The Thorny Path to Equitable Healthcare Access
Challenges and solutions to healthcare disparities take precedence as healthcare providers, architects, and developers unite at Legat Architects’ Think Tank session on Health and Wellbeing Design.
On his way home from work, Jack, a husband and father of three, gets into an automobile accident that leaves him with a brain injury. Depending on the severity of his injury, Jack faces a slew of challenges: holding down his job, connecting with friends and family members, and of course, affording healthcare expenses.
This hypothetical but all too common scenario plays out frequently across the nation. Fortunately, there are organizations like Elmhurst, Illinois-based Synapse House that not only welcome people like Jack but also help them find happiness.
That’s the good news. The not-so-good news is that rehabilitation centers and the US healthcare system in general continue to contend with disparities in access to care. The negative outcomes range from underfunded facilities and overburdened caretakers to food deserts and obesity in low-income neighborhoods.
“Health and Wellbeing Design,” the fourth and final installment in Legat’s 2021 Think Tank series, addressed these inequalities head-on. Synapse House founder and Executive Director Deborah Giesler delivered the keynote. The following panel, moderated by Legat’s Sepideh “Sepi” Asadi, brought together healthcare professionals, designers, and developers to discuss hurdles and solutions to not only providing equitable care, but also instilling a more health-conscious mindset among those in underserved communities.
A Model for Physical and Mental Recovery
When she was a speech therapist on a hospital brain injury team, Deborah Giesler noticed that many of those coming out of the hospital would do rehab for a couple of weeks, then be left with a question: what now? This deficiency compelled her to launch Synapse House, which serves Chicago’s Cook County and the “collar counties” that surround it. Its mission is to “empower, engage, and employ individuals affected by brain injury and stroke.”
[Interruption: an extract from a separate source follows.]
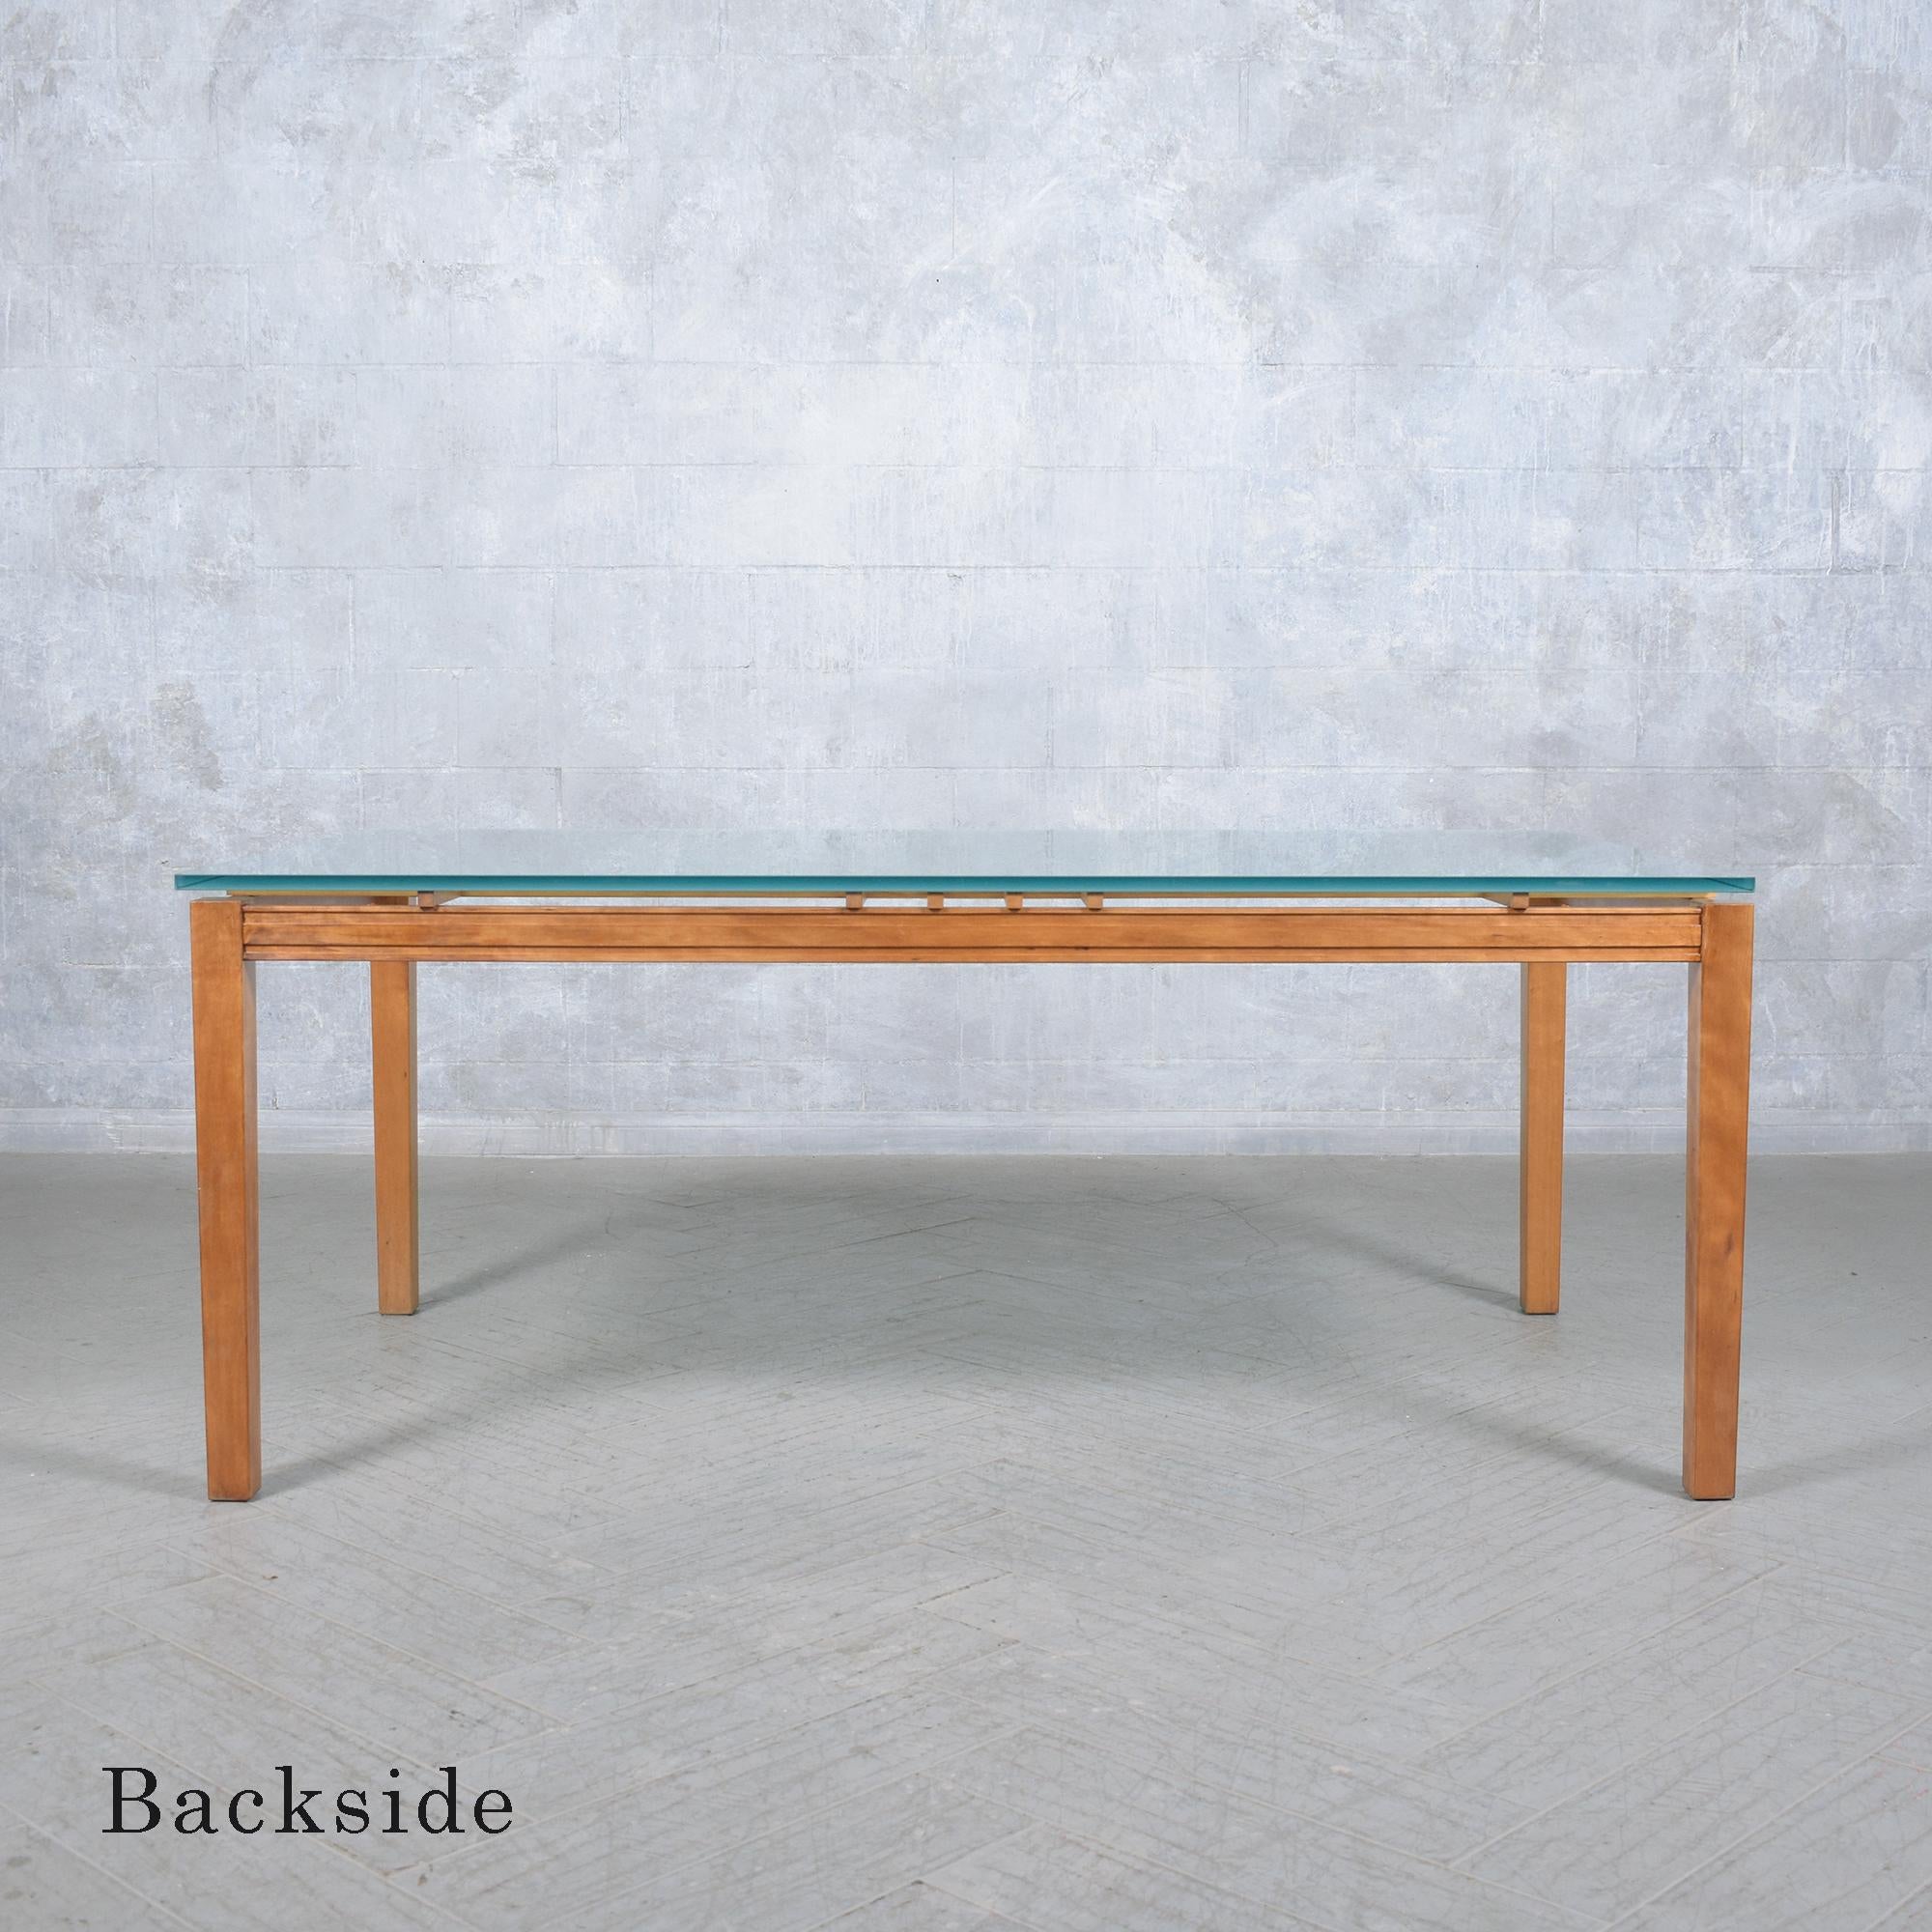 1980s Modern Maple Wood Dining Table with Frosted Glass Top For Sale 3

Synapse House offers a Clubhouse Day Program inspired by the International Clubhouse Model invented in 1943. The model, which has strict standards, allows Synapse House to enhance the quality of life for its club members through a wide variety of activities including exercise, arts programs, virtual gatherings (e.g., a virtual book club), and community outings such as grooming horses or stuffing stockings at a veterans’ organization.
Giesler said, “The Clubhouse Model not only addresses the person’s therapeutic needs but also boosts self-esteem.”
Synapse House also offers community support for veterans with brain injuries to help them reengage with their families, relearn daily living skills, and transition back to school, as well as acquire jobs and housing.
The Challenges to Brain Injury Treatment
During her keynote, Giesler shared many of the challenges that rehabilitation centers like hers face, from funding to transportation.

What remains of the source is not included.